From: Johannes Weiner
Date: Wed Feb 19 2020 - 14:16:24 EST

On Wed, Feb 19, 2020 at 07:37:31PM +0100, Michal Hocko wrote:
> On Wed 19-02-20 13:12:19, Johannes Weiner wrote:
> > We have received regression reports from users whose workloads moved
> > into containers and subsequently encountered new latencies. For some
> > users these were a nuisance, but for some it meant missing their SLA
> > response times. We tracked those delays down to cgroup limits, which
> > inject direct reclaim stalls into the workload where previously all
> > reclaim was handled my kswapd.
> I am curious why is this unexpected when the high limit is explicitly
> documented as a throttling mechanism.

Memory.high is supposed to curb aggressive growth using throttling
instead of OOM killing. However, if the workload has plenty of easily
reclaimable memory and just needs to recycle a couple of cache pages
to permit an allocation, there is no need to throttle the workload -
just as there wouldn't be any need to trigger the OOM killer.

So it's not unexpected, but it's unnecessarily heavy-handed: since
memory.high allows some flexibility around the target size, we can
move the routine reclaim activity (cache recycling) out of the main
execution stream of the workload, just like we do with kswapd.

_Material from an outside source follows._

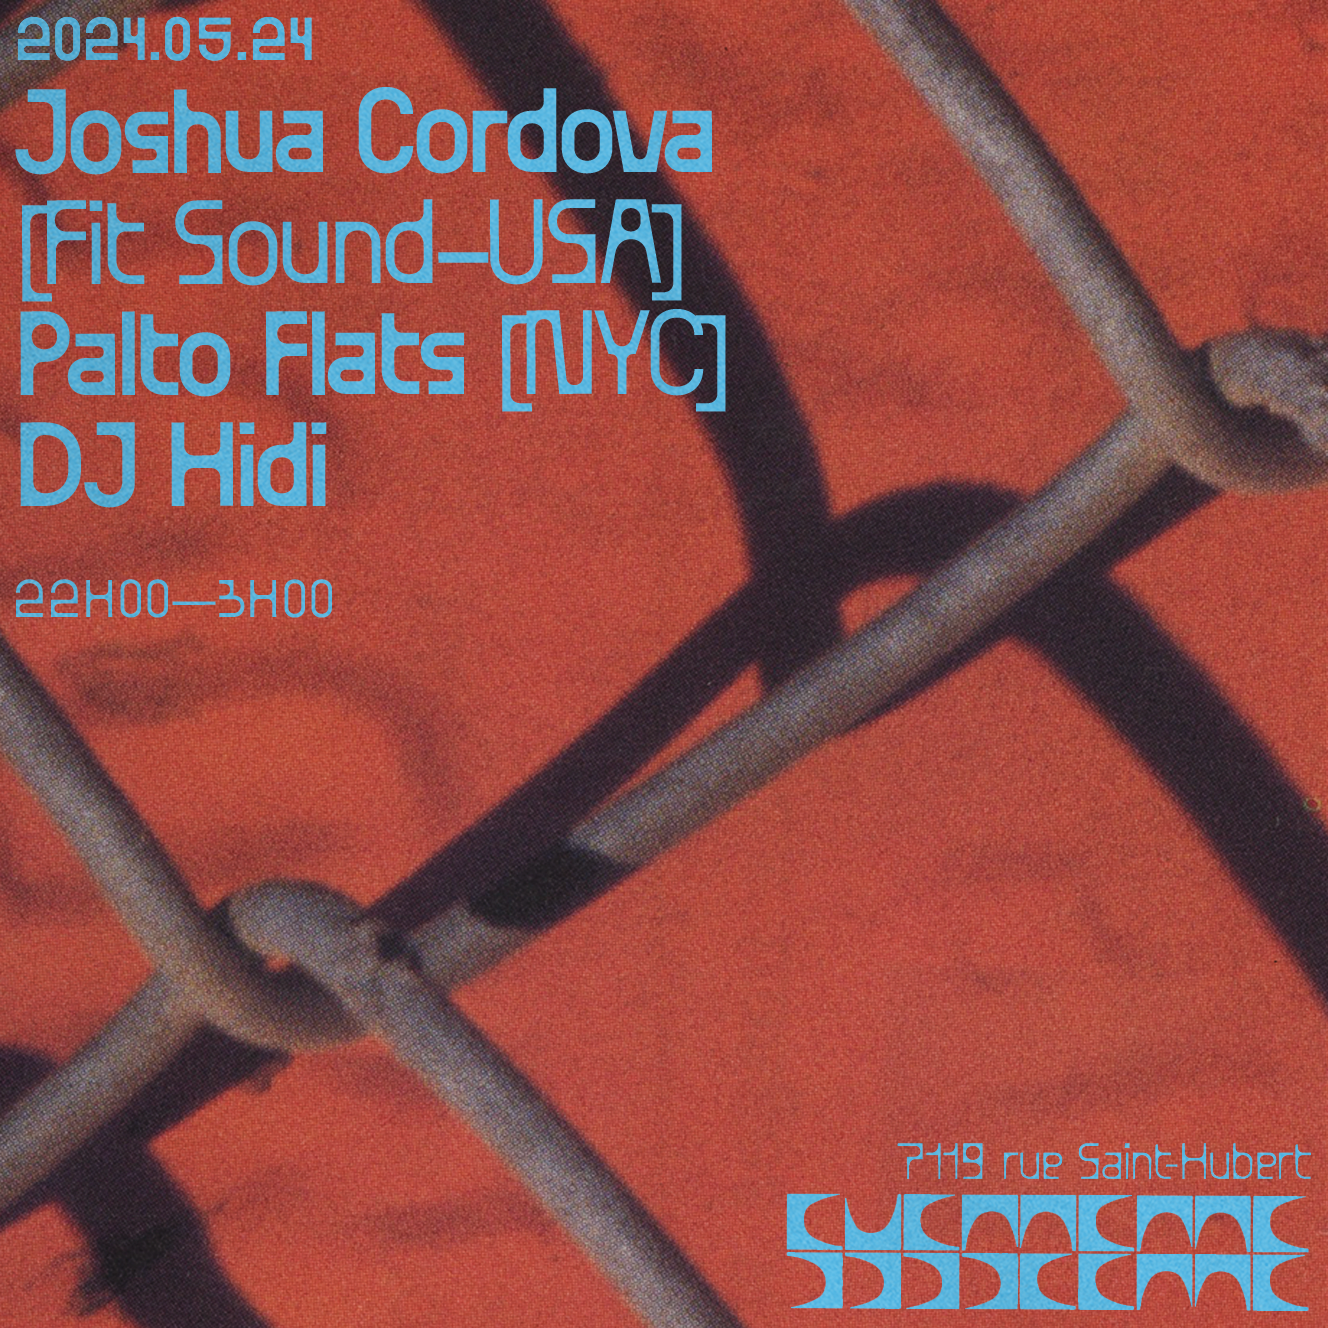 Joshua Cordova [Fit Sound - USA] + Palto Flats [NYC] + DJ Hidi - フライヤー表

If that
cannot keep up, we can throttle and do direct reclaim.

It doesn't change the memory.high semantics, but it allows exploiting
the fact that we have SMP systems and can parallize the book keeping.

> > This patch adds asynchronous reclaim to the memory.high cgroup limit
> > while keeping direct reclaim as a fallback. In our testing, this
> > eliminated all direct reclaim from the affected workload.
> Who is accounted for all the work? Unless I am missing something this
> just gets hidden in the system activity and that might hurt the
> isolation. I do see how moving the work to a different context is
> desirable but this work has to be accounted properly when it is going to
> become a normal mode of operation (rather than a rare exception like the
> existing irq context handling).

Yes, the plan is to account it to the cgroup on whose behalf we're
doing the work.

The problem is that we have a general lack of usable CPU control right
now - see Rik's work on this:
For workloads that are contended on CPU, we cannot enable the CPU
controller because the scheduling latencies are too high. And for
workloads that aren't CPU contended, well, it doesn't really matter
where the reclaim cycles are accounted to.

Once we have the CPU controller up to speed, we can add annotations
like these to account stretches of execution to specific
cgroups. There just isn't much point to do it before we can actually
enable CPU control on the real workloads where it would matter.

[ This is generally work in process: for example, if you isolate
workloads with memory.low, kswapd cpu time isn't accounted to the
cgroup that causes it. Swap IO issued by kswapd isn't accounted to
the group that is getting swapped. The memory consumed by struct
cgroup itself, the percpu allocations for the vmstat arrays etc.,
which is sizable, are not accounted to the cgroup that creates
subgroups, and so forth. ]